## INPUT DATA
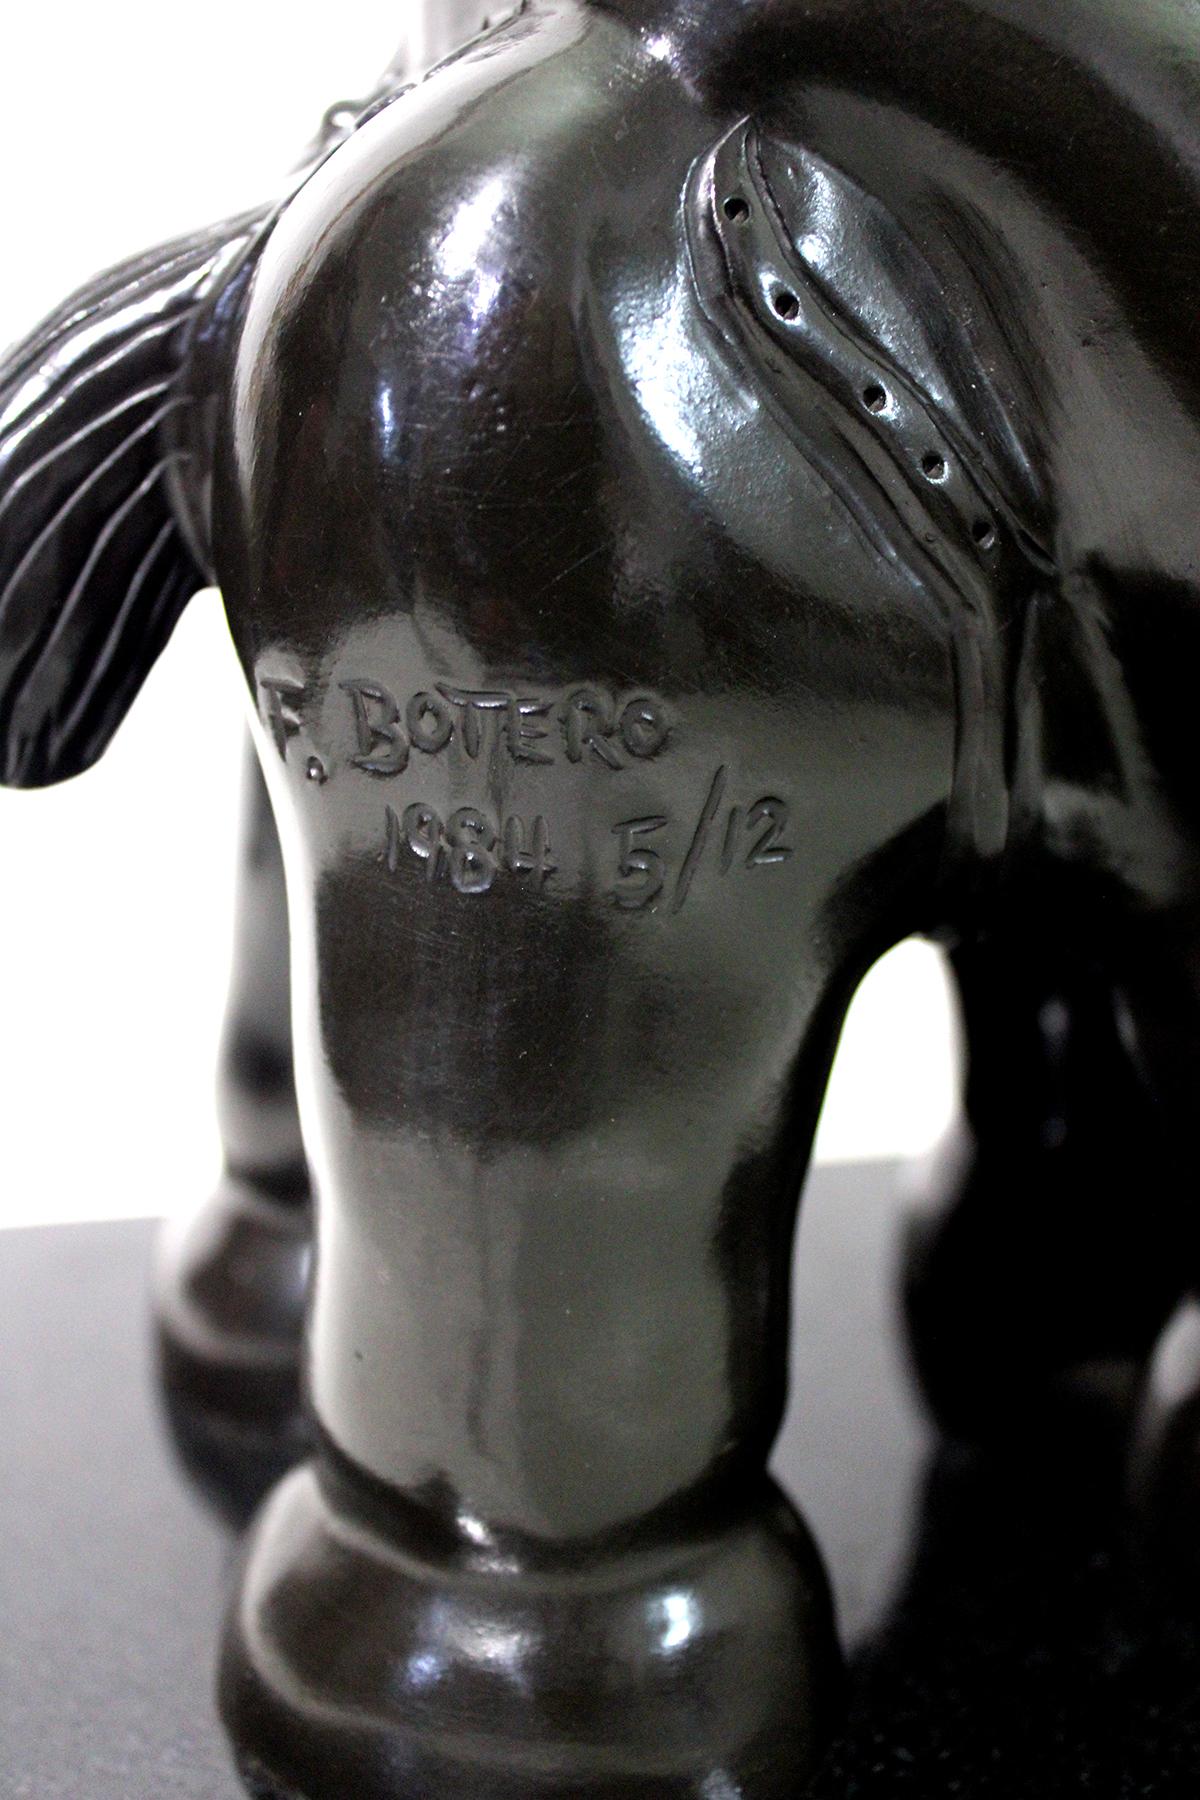 Nach Fernando Botero
Gegossene Bronzeskulptur von Fernando Botero, 1932 bis 2023, einem kolumbianischen Künstler, dessen charakteristischer Stil, der auch als Boterismo bekannt ist, Menschen und Figuren in großem, übertriebenem Volumen darstellt.
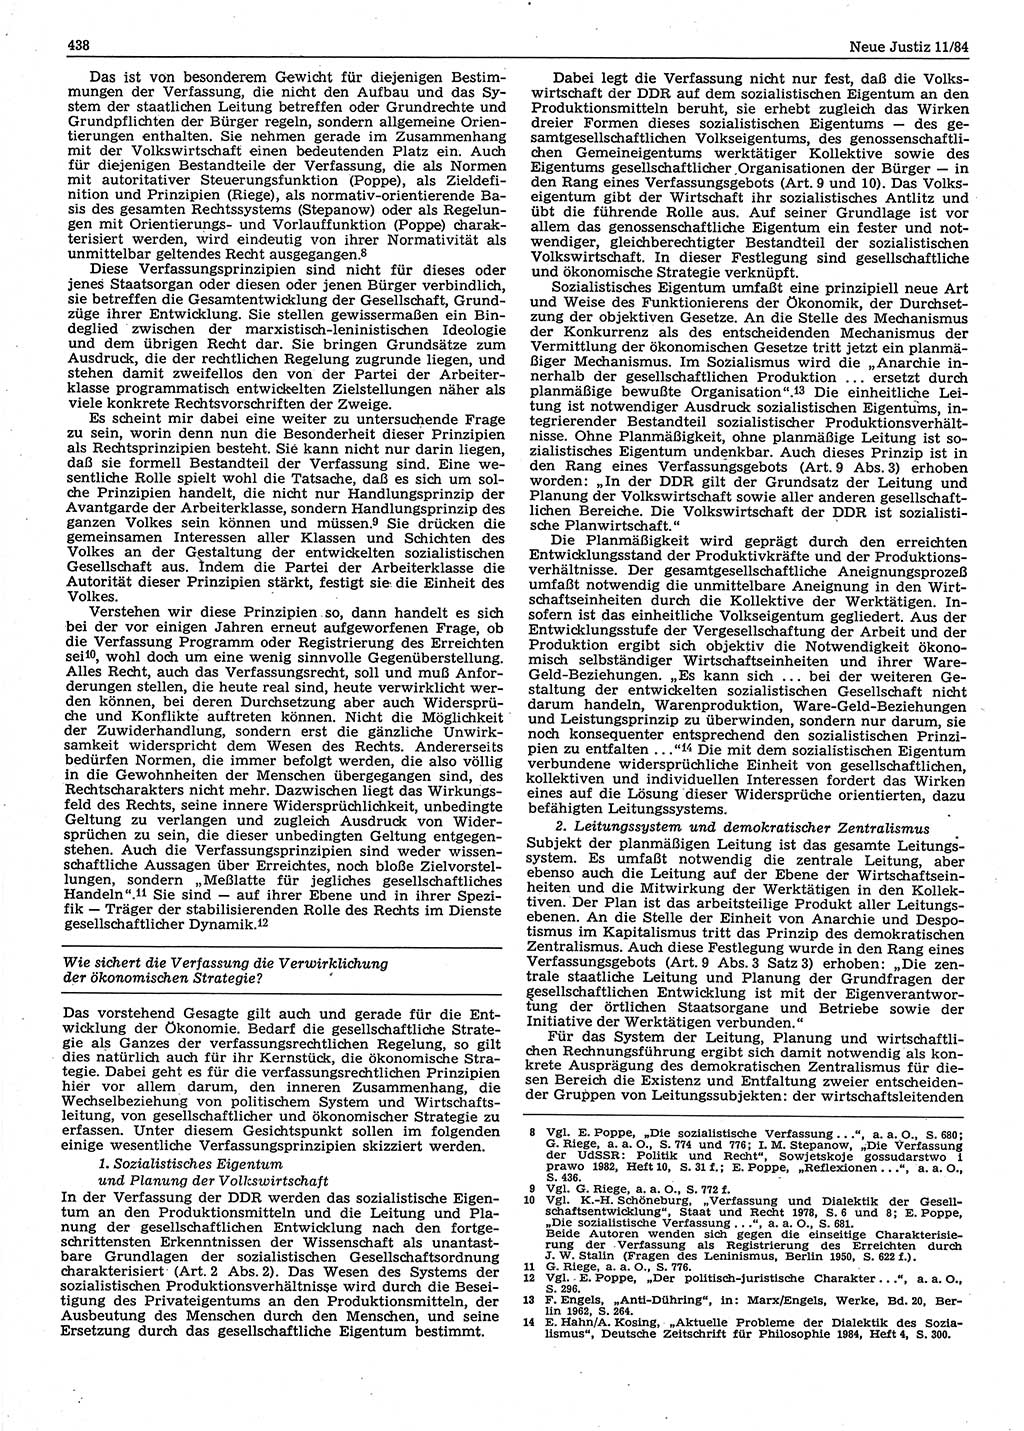 Neue Justiz (NJ), Zeitschrift für sozialistisches Recht und Gesetzlichkeit [Deutsche Demokratische Republik (DDR)], 38. Jahrgang 1984, Seite 438 (NJ DDR 1984, S. 438)
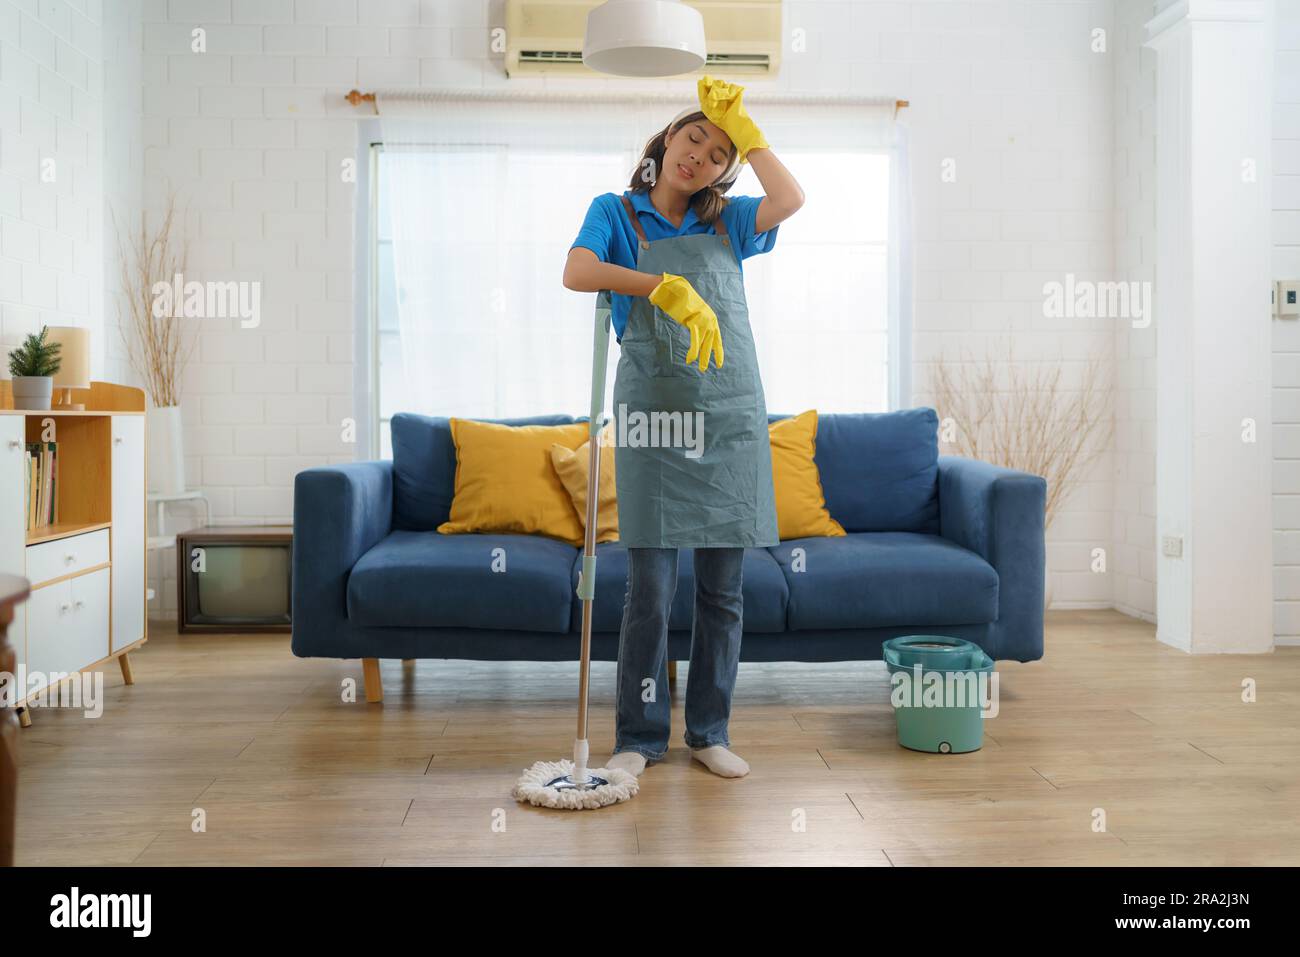 Exhausta criada asiática lucha con la fatiga mientras trapea la casa, mostrando los desafíos y el trabajo duro detrás de la casa doméstica Foto de stock
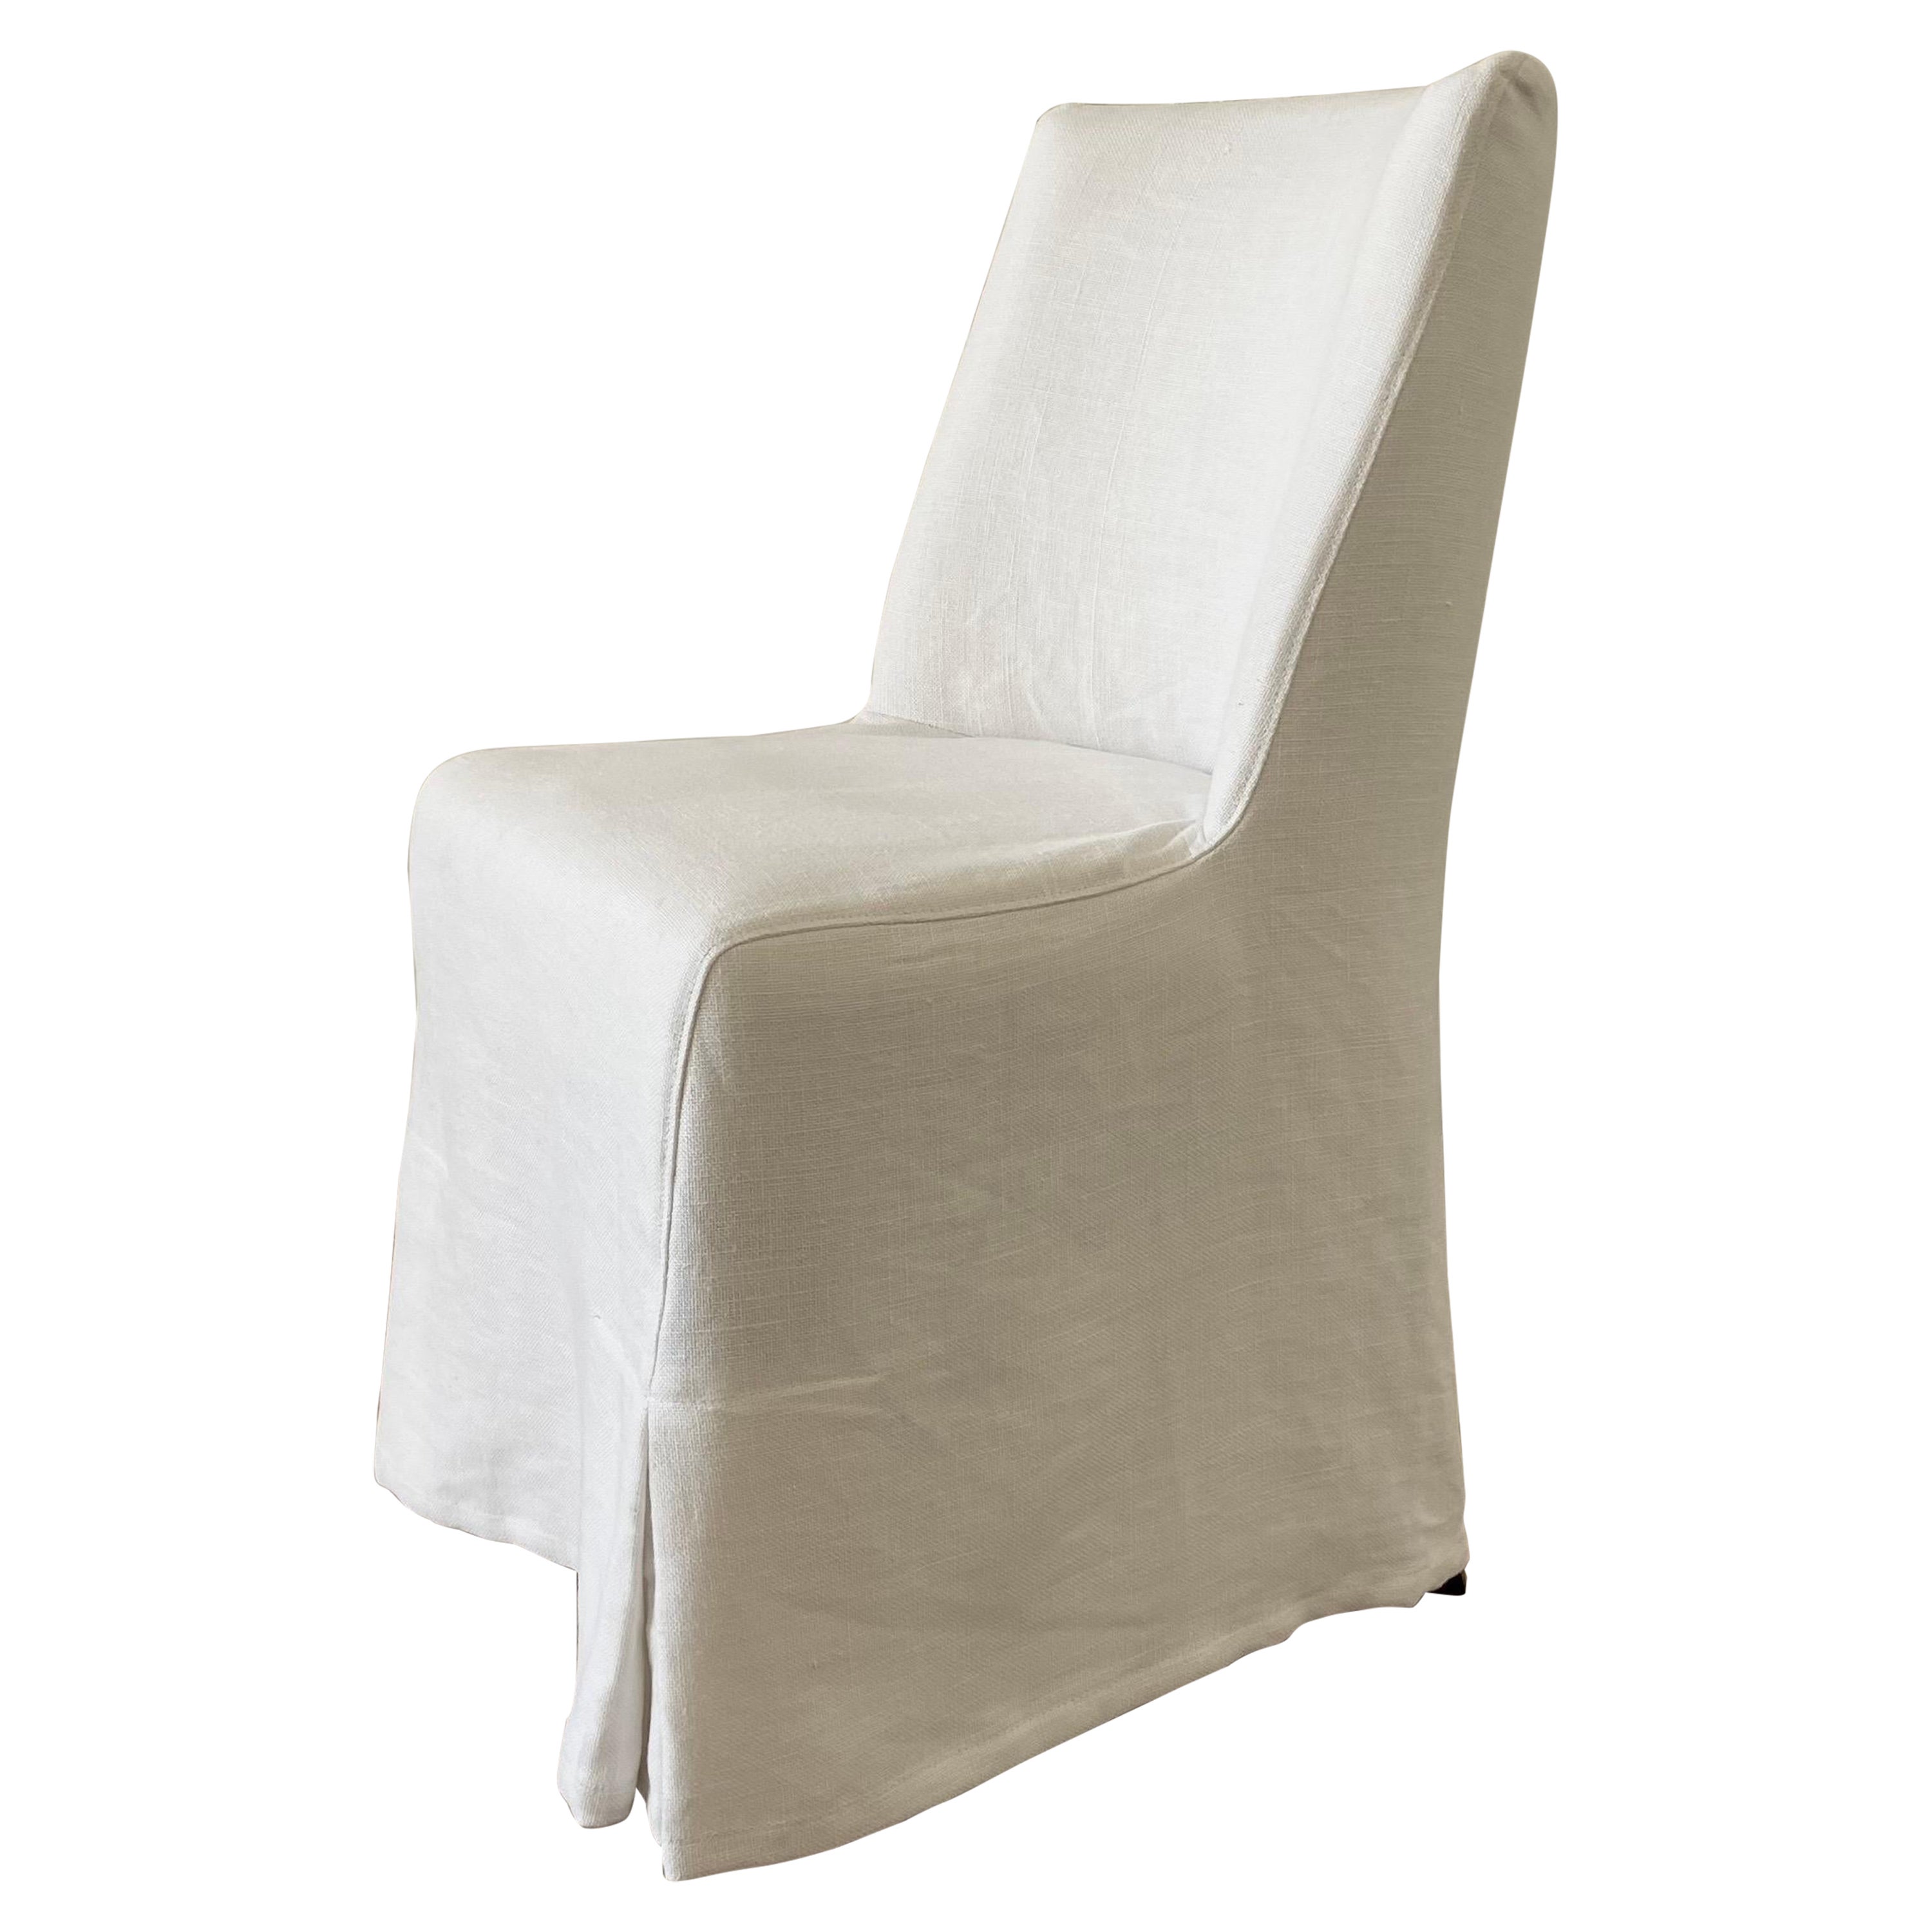 White Linen Slip Covered Dining Chair

## PROMPT
Extract the part of the records that opens with the line containing "Gegossene Bronzeskulptur von" and closes with the line containing "Neue Justiz (NJ), Zeitschrift". Take only those lines, exactly, and no pictures.

## REPLY TO THE EXERCISE
Gegossene Bronzeskulptur von Fernando Botero, 1932 bis 2023, einem kolumbianischen Künstler, dessen charakteristischer Stil, der auch als Boterismo bekannt ist, Menschen und Figuren in großem, übertriebenem Volumen darstellt.
 Neue Justiz (NJ), Zeitschrift für sozialistisches Recht und Gesetzlichkeit [Deutsche Demokratische Republik (DDR)], 38. Jahrgang 1984, Seite 438 (NJ DDR 1984, S. 438)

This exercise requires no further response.